▸ **Provided material**:
● ● ● ●

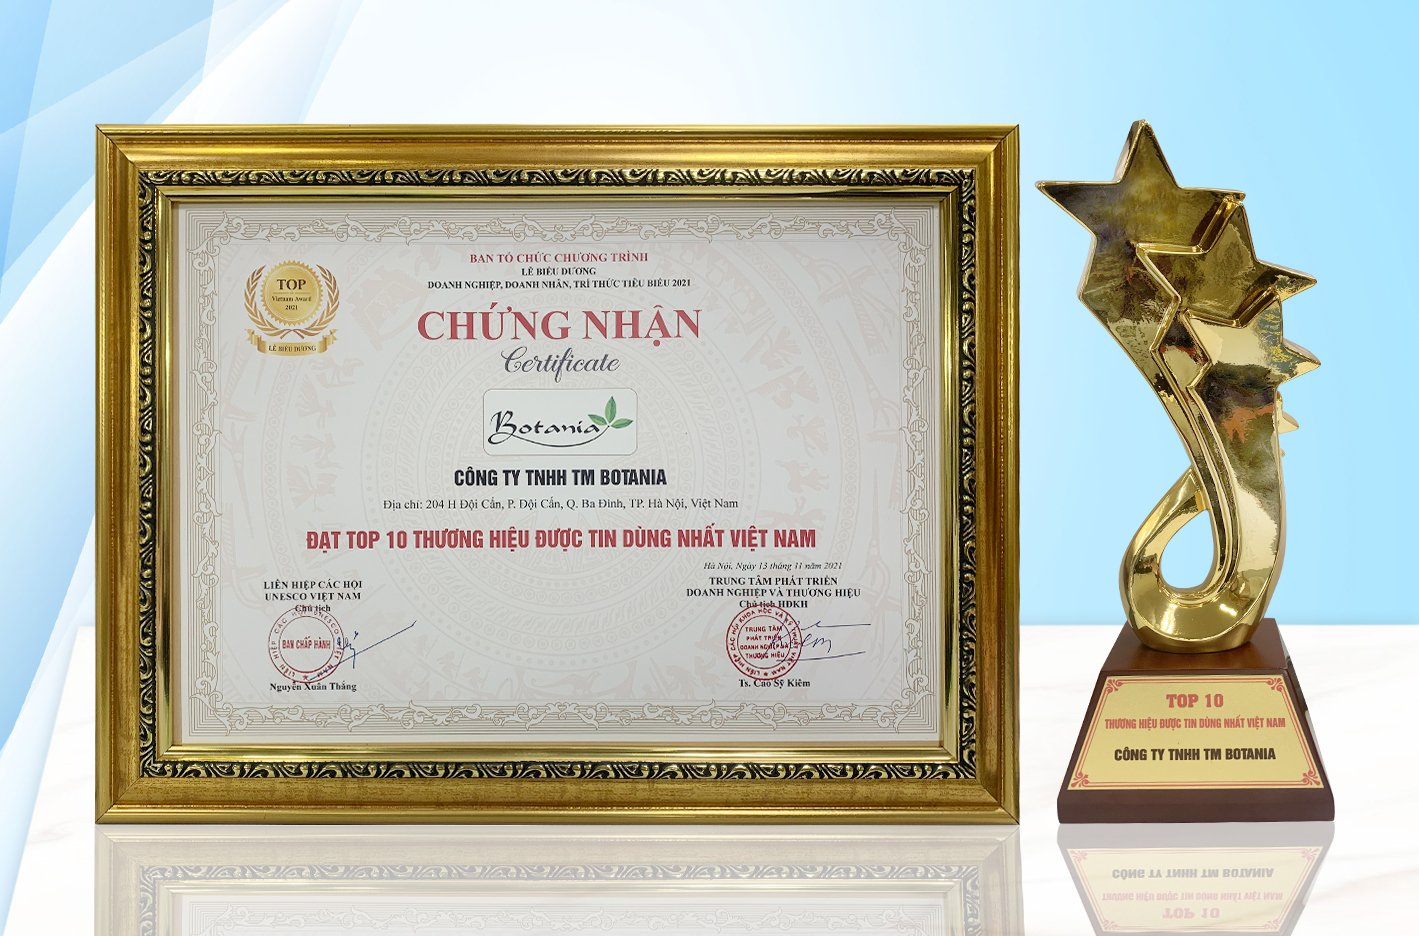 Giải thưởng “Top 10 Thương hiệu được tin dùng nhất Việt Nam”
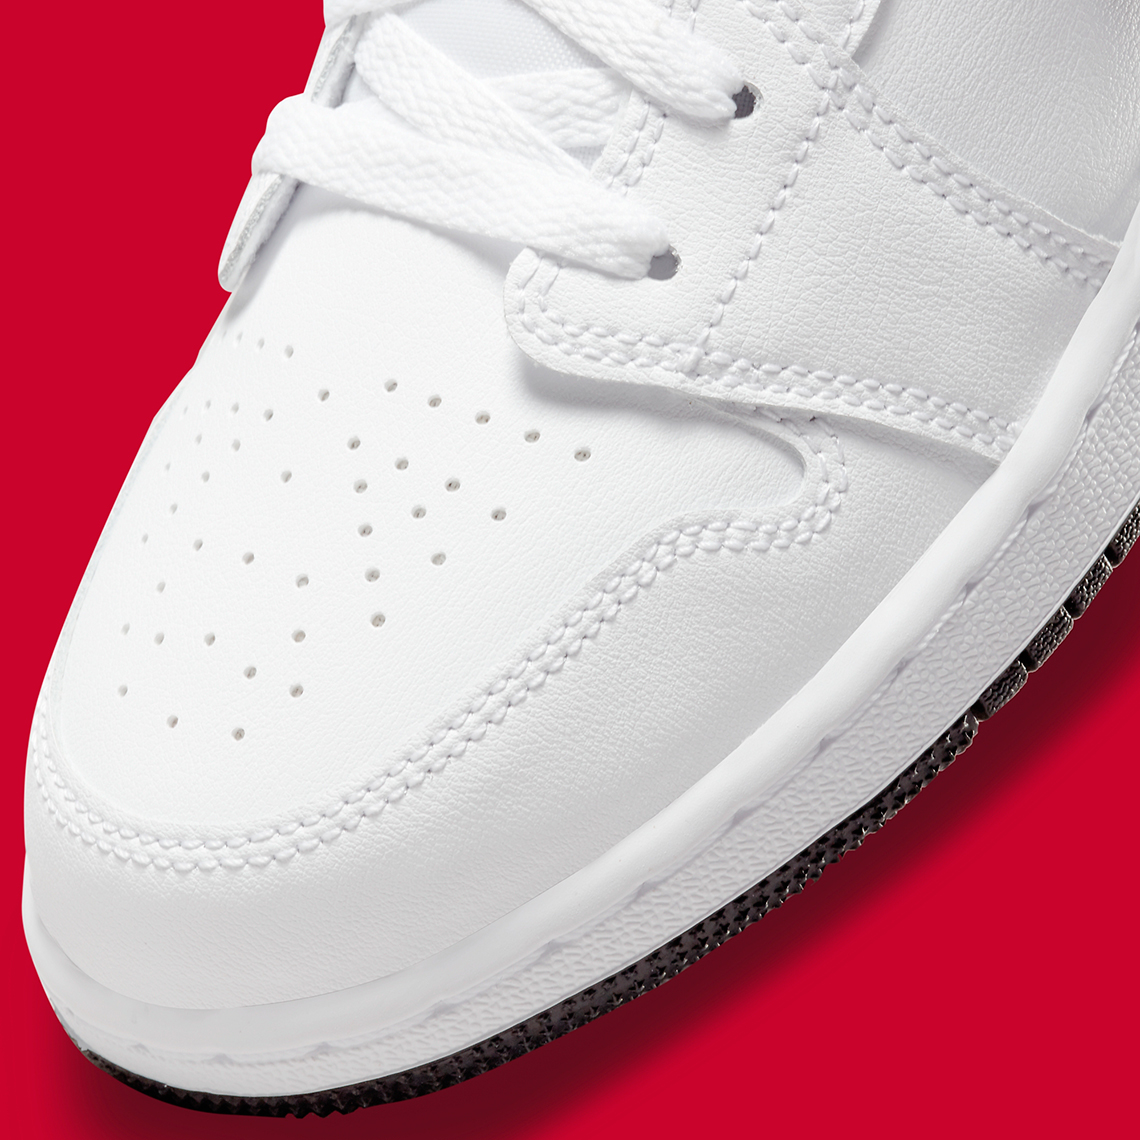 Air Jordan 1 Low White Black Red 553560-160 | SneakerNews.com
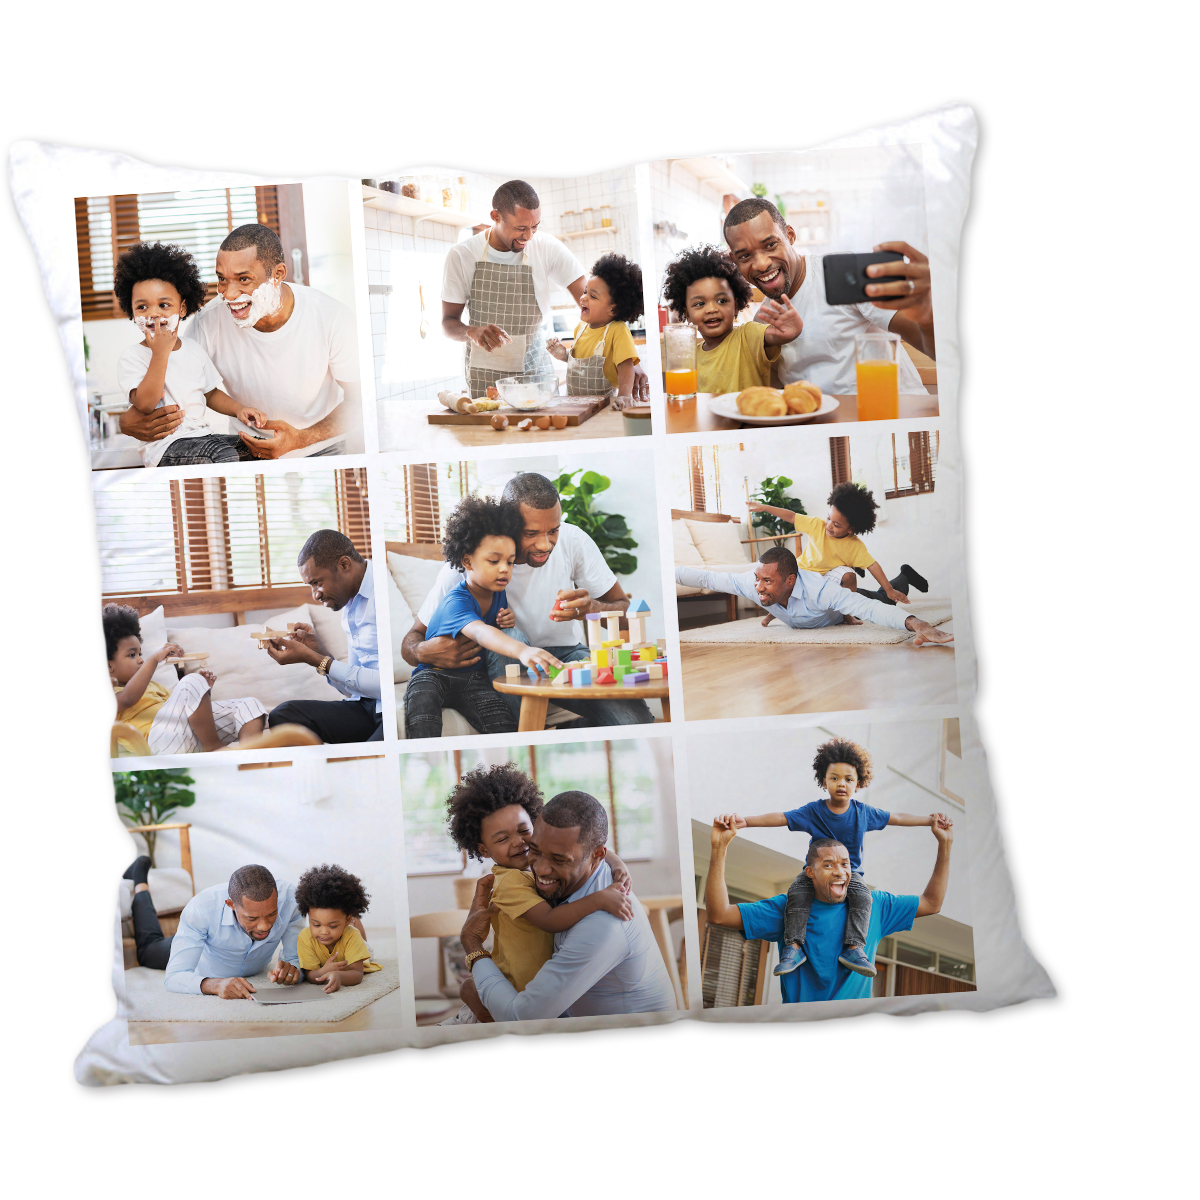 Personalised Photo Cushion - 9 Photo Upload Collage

● ● ● ●

▸ **What you are asked to do**: The entire listing above is to be copied exactly, with all pictures omitted.

▸ **Answer box**:
 Giải thưởng “Top 10 Thương hiệu được tin dùng nhất Việt Nam”
 Air Jordan 1 Low White Black Red 553560-160 | SneakerNews.com
 Personalised Photo Cushion - 9 Photo Upload Collage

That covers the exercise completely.